Wacko Singer Takes His Rock With A Bit Of Humor




The Toronto Star


November 8, 1985

Wacko Singer Takes His Rock With A Bit Of Humor

by Greg Quill




"I've just been watching a load of videos and I must say I'm absolutely appalled by the lack of humor in most of them. Contemporary Rock bands are so god-awful serious, they're laughable."

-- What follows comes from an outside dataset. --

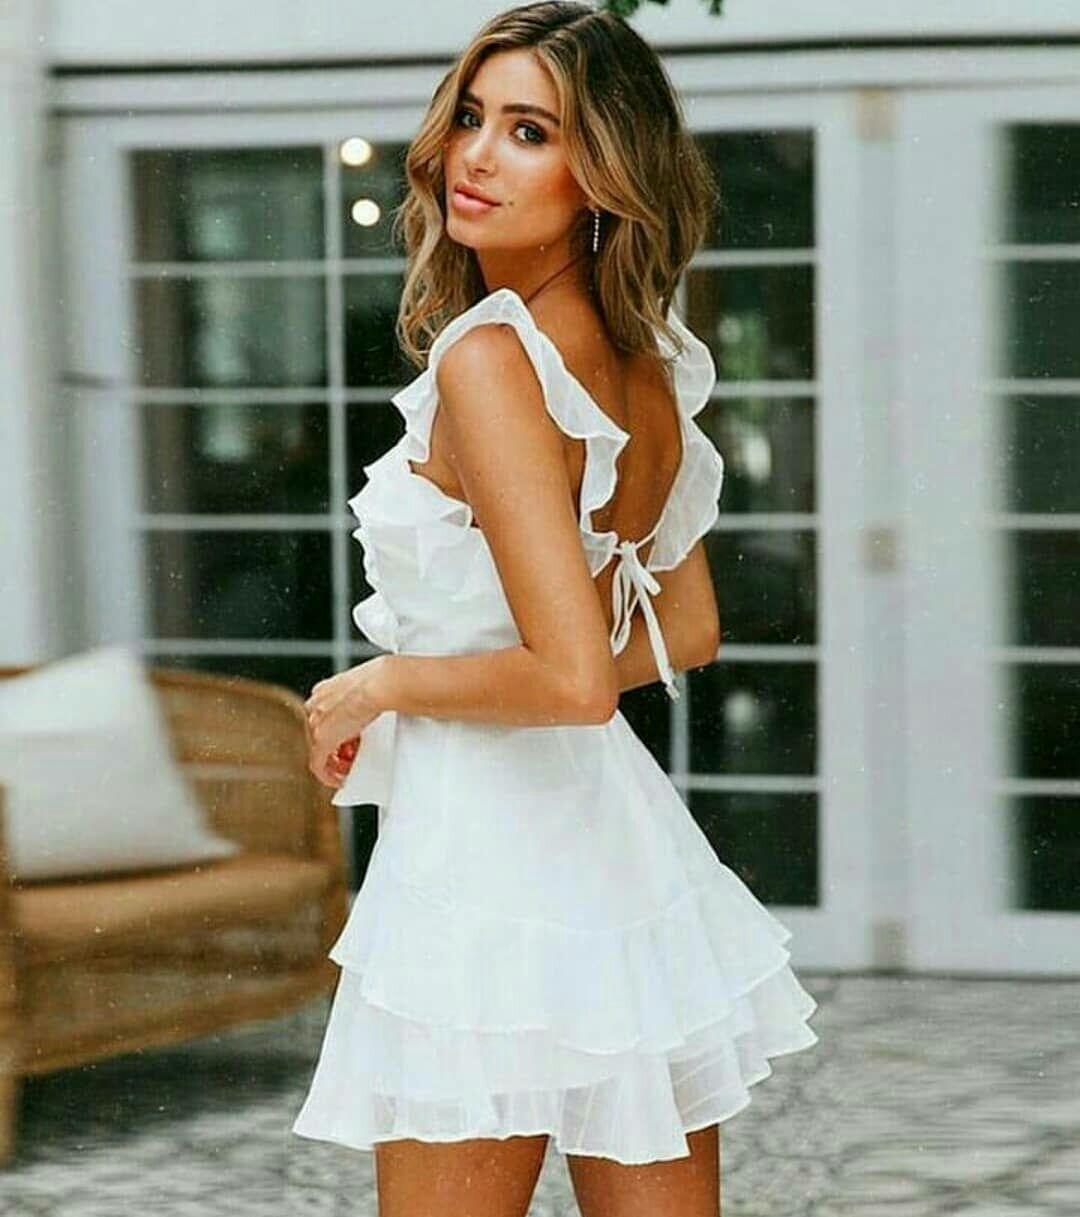 Ne Trebas U Zivotu Uvijek Imati Odgovore Na Sva Pitanja Dovoljno Je Da Znas Odgovor Na Svoj Zivot Chiffon Dress Short Party Dresses For Women Beauty Dress [ 1217 x 1080 Pixel ]

Not that singer-songwriter Robyn Hitchcock isn't serious about his own work. Spread over eight years, two albums with British underground favorites The Soft Boys and four with The Egyptians, Hitchcock's songs resound with serious overtones, with oblique references to Bob Dylan, Lou Reed, Pink Floyd founder Syd Barrett, and the jangling, ponderous psychedelic Guitar Rock of the late-1960s. On his recently released Slash/WEA effort, Fegmania!, Hitchcock even conjures up a kind of angular British Zydeco music for one cut, "Strawberry Mind".

It just happens that Hitchcock, like sometime collaborator and kindred spirit Captain Sensible, likes singing about...uh, unusual things: his (imaginary) dead wife, his insect mother, a man with a lightbulb head. "I even made a short anti-promo movie to go with that song ["The Man With The Lightbulb Head"]," Hitchcock told me from New York this week. "It has lamps mating, lamps cavorting naked -- that kind of thing. It's an attempt to depict erotica in lightbulb terms."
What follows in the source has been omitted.